Provided entries START
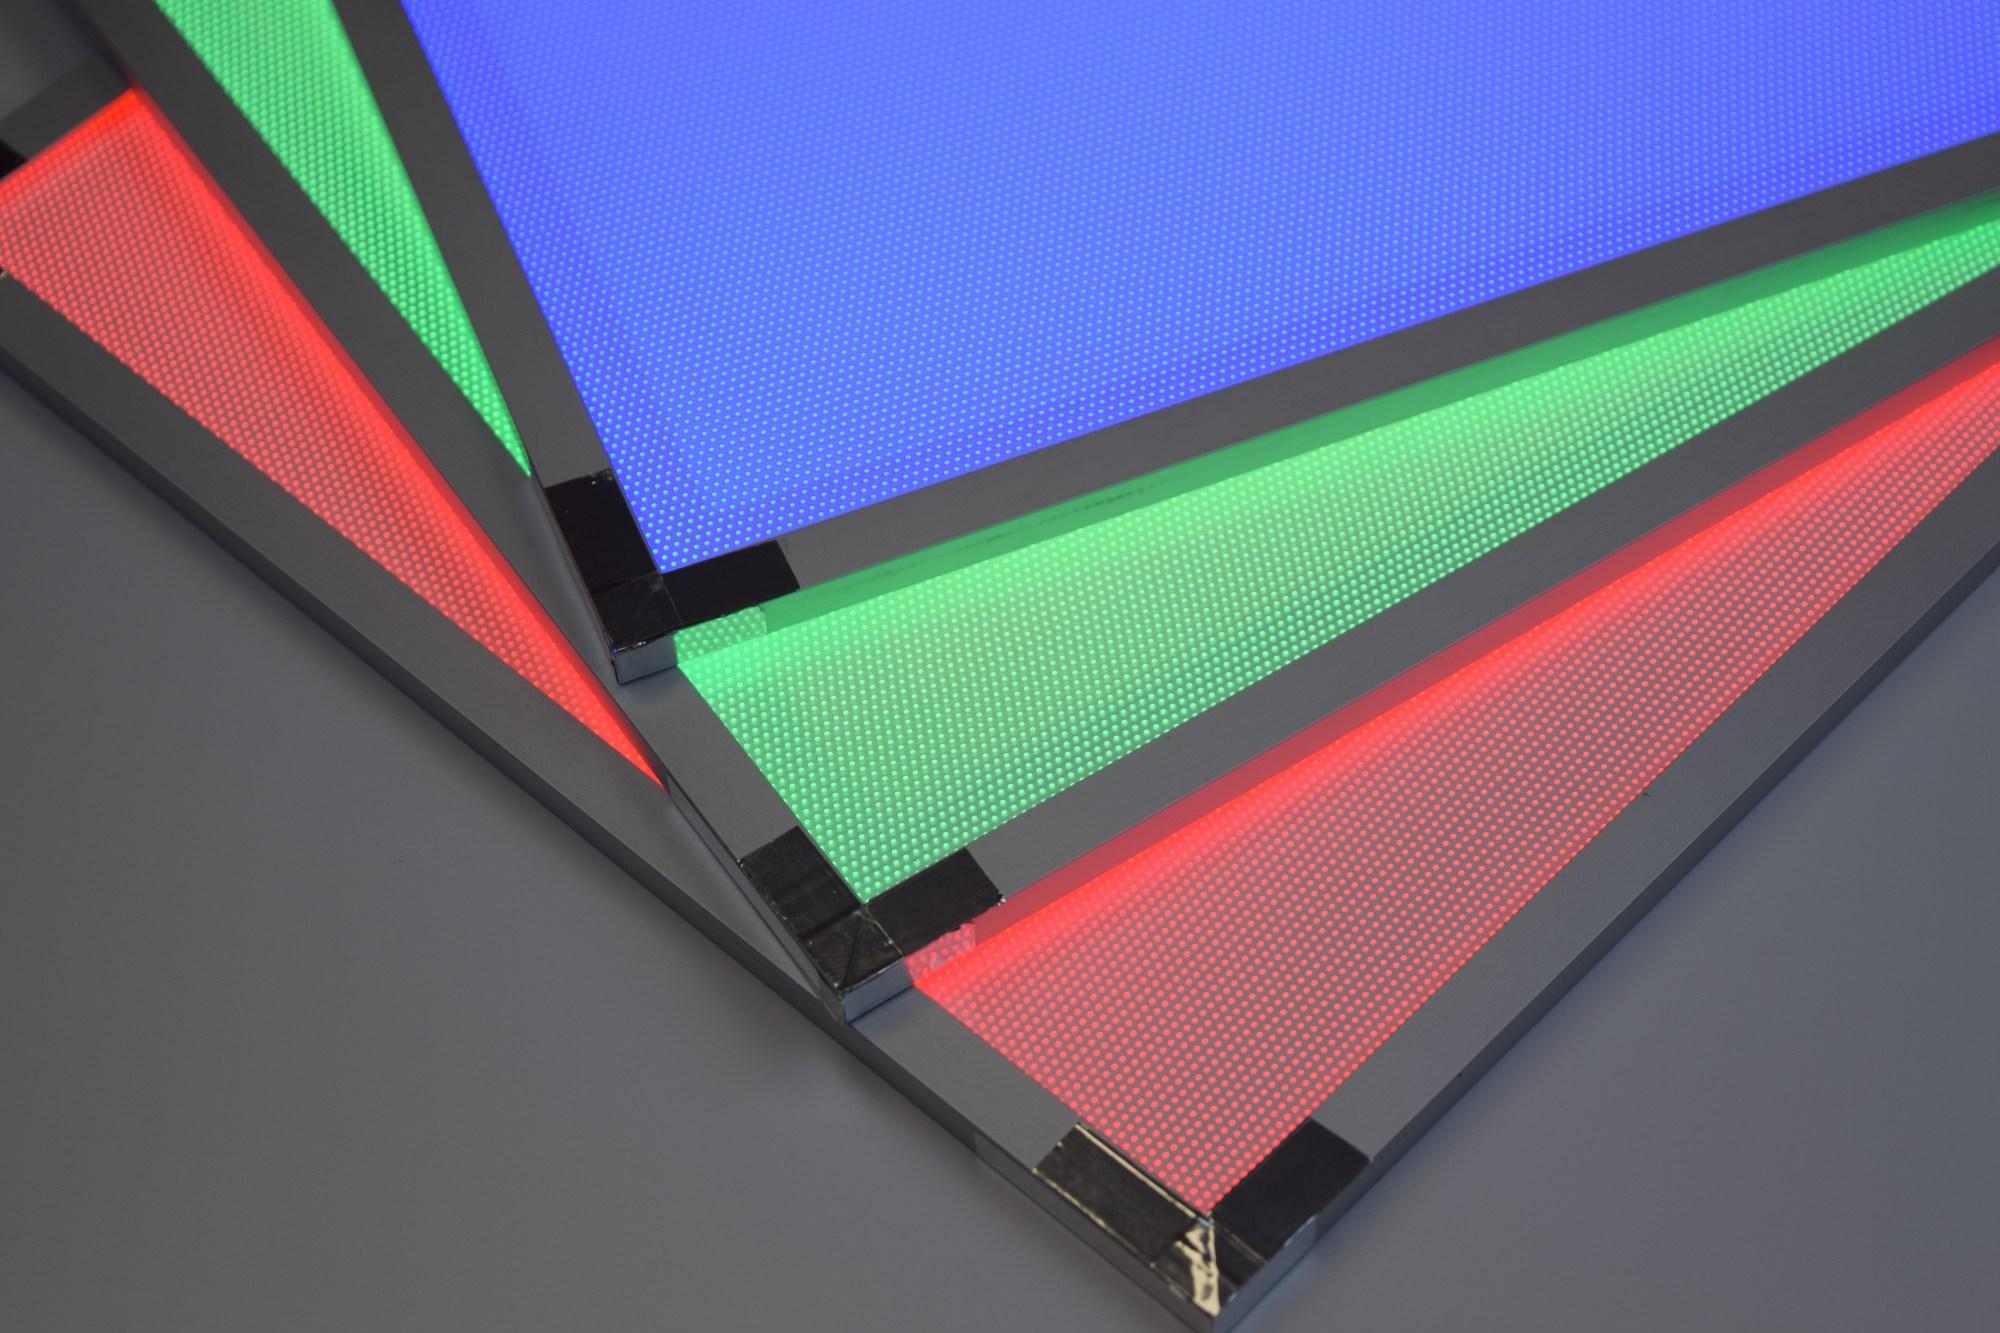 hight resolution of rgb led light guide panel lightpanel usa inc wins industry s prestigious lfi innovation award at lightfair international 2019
Provided entries END
Provided entries START
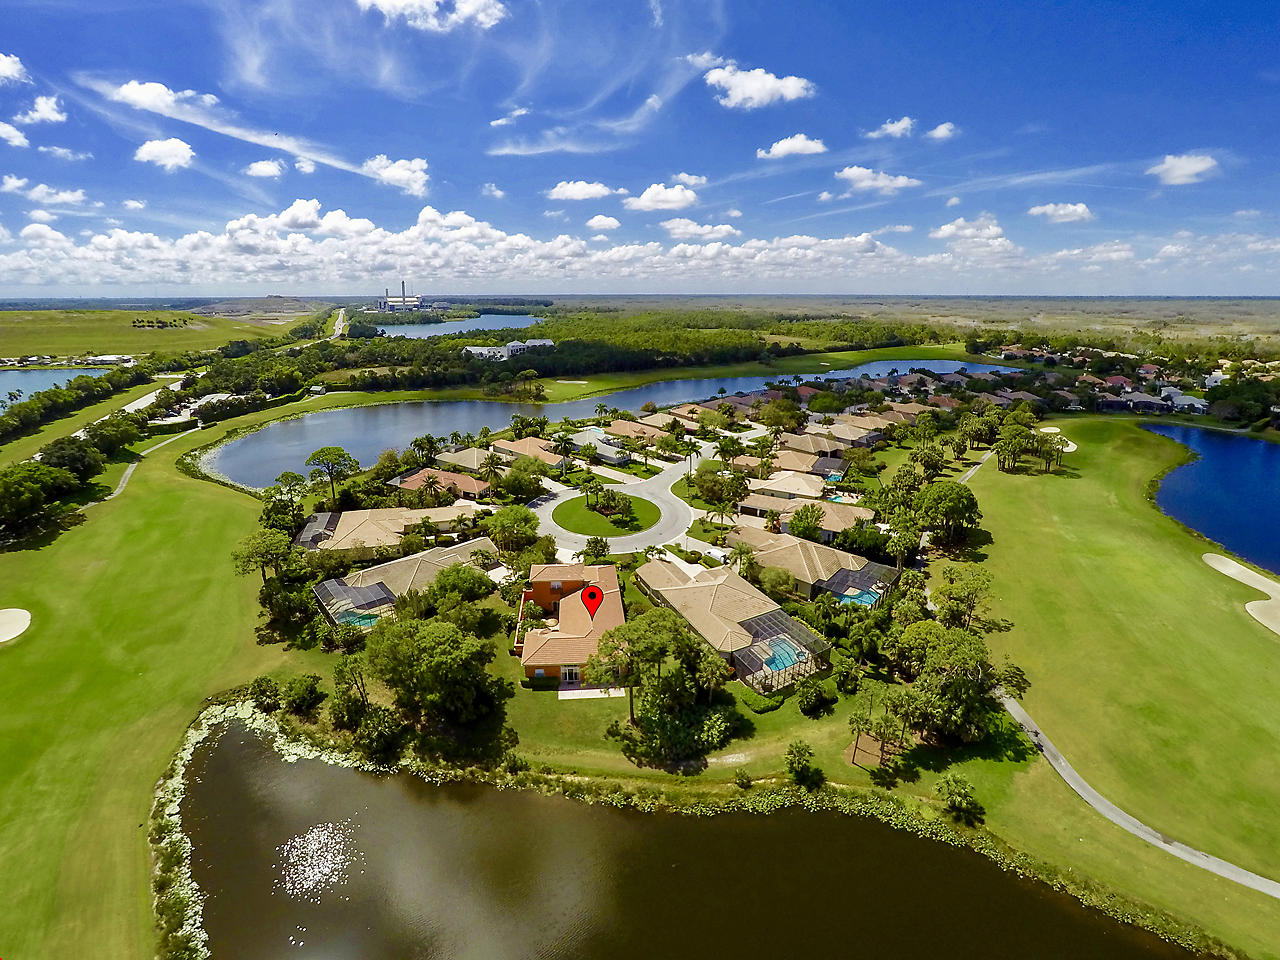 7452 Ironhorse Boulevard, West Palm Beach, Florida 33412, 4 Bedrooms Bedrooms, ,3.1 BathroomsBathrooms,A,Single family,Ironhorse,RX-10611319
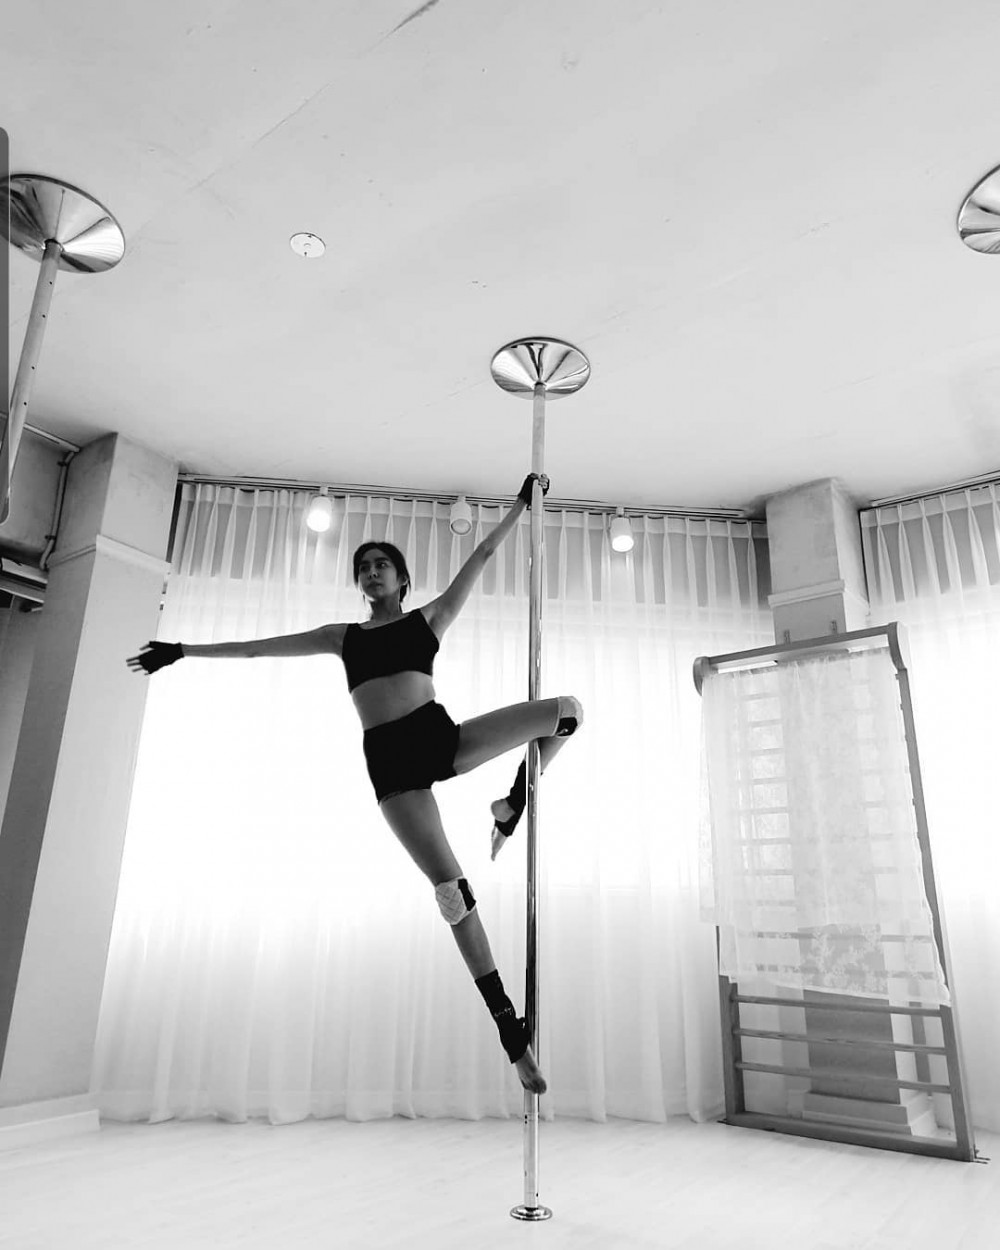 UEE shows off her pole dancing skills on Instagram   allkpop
Provided entries END
Assigned task:
Repeat, without pictures, exactly the lines of the data above from the one containing "7452 Ironhorse Boulevard, West" through the one containing "UEE shows off", including both and adding nothing.

Expected output:
 7452 Ironhorse Boulevard, West Palm Beach, Florida 33412, 4 Bedrooms Bedrooms, ,3.1 BathroomsBathrooms,A,Single family,Ironhorse,RX-10611319
 UEE shows off her pole dancing skills on Instagram   allkpop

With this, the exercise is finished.